The Barn Swallow is a sparrow-sized, agile bird that spends a majority of its life in flight – eating, drinking, and even bathing on the wing. In summers, they breed in the Northern latitudes, above the Himalayas, and when the Earth tilts away from the sun, they flock to Africa and India in millions, accompanied by a new generation. Drive straight on the road leading away from the Palassio mall until you reach water bodies surrounded on all sides by large construction sites, and it’s likely that you will come across thousands of Barn Swallows congregating on electric wires or swooping down one by one on the water below, snagging small insects mid-air. In flight, their bellies appear in many variations of creamy-white with a rusty-coloured neck (hence the scientific name Hirundo Rustica), with wide outstretched wings and a deeply forked tail. Their flight is convoluted, zig-zag, evolved to mimic the unpredictable moves of their prey. When perched, in a ‘bent-forward’ position, their cobalt-blue primary feathers can be seen. These thousands of Barn Swallows feed on insects that rise from a collection of water bodies that dot the area around the stadium.

Barns Swallows congregate on electric wires near a construction site.

Nearby lies the Ekana Wetland, now protected by a government order, with work on a watch tower and walkway already in progress.

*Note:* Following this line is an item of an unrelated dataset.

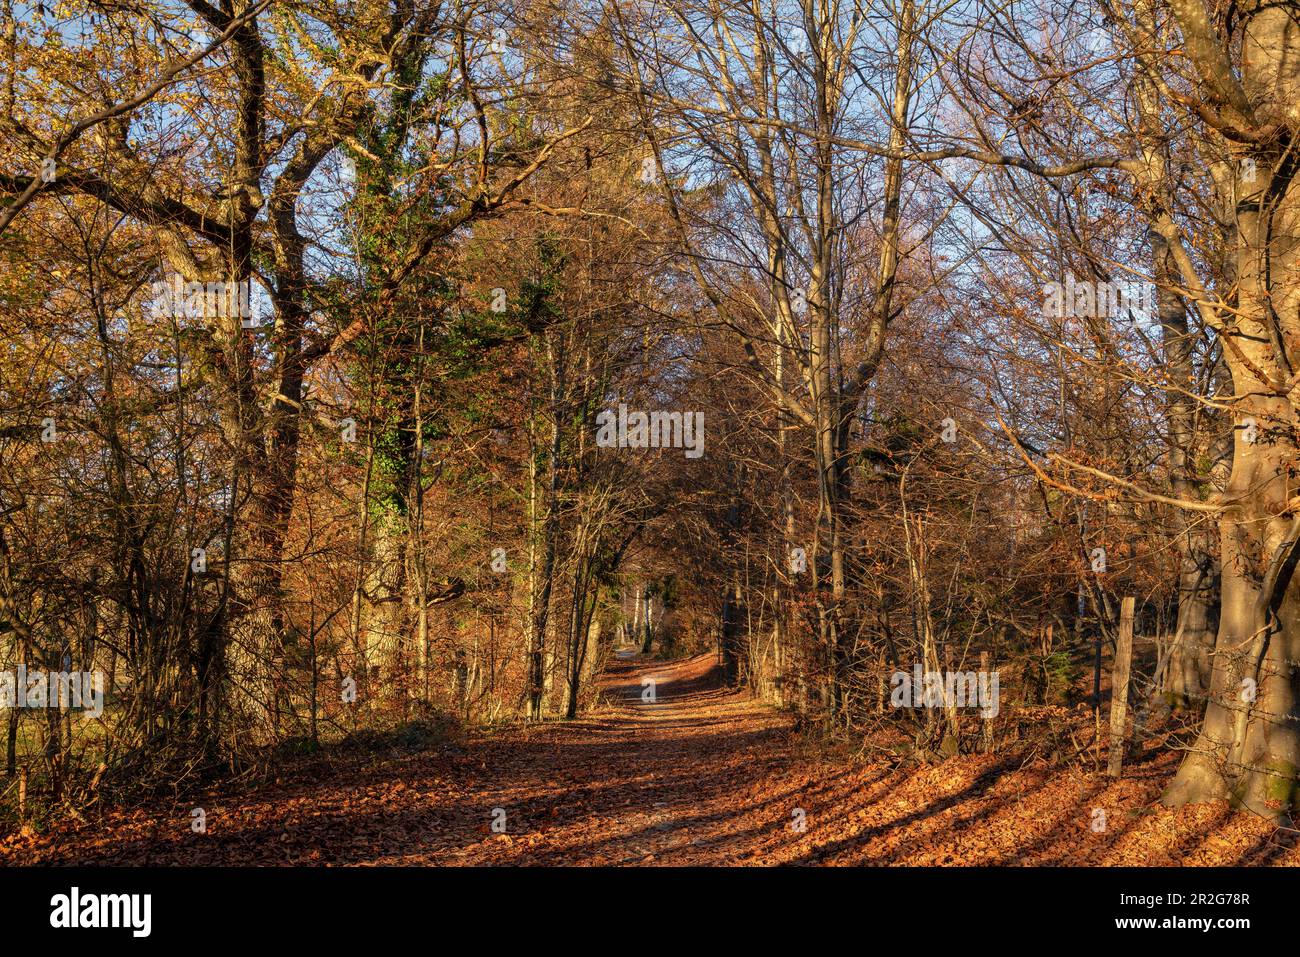 Late afternoon in November on the Andechser Höhenweg, Andechs, Upper Bavaria, Bavaria, Germany Stock Photo

On the afternoon I visited the wetland, young men in large cars were using the ‘natural’ backdrop to record reels, performing reverse somersaults to loud cheers. Behind them, at least two species of wagtails were performing tricks of their own. No less raucous than similar specimens of the human species, these highly vocal, long-tailed immigrants arrive in Lucknow in large groups at the onset of winter and promptly take over feeding areas. The wetland, in this case, is overtaken by their (mis)behaviour. Both species—the white-faced, sombre white wagtail and the black-faced, white-browed wagtail—can be seen chasing each other from one low bush to another. If birds made reels, these immigrants would be best known for the animated twerking of their backsides, which incidentally gives them their name—wagtails.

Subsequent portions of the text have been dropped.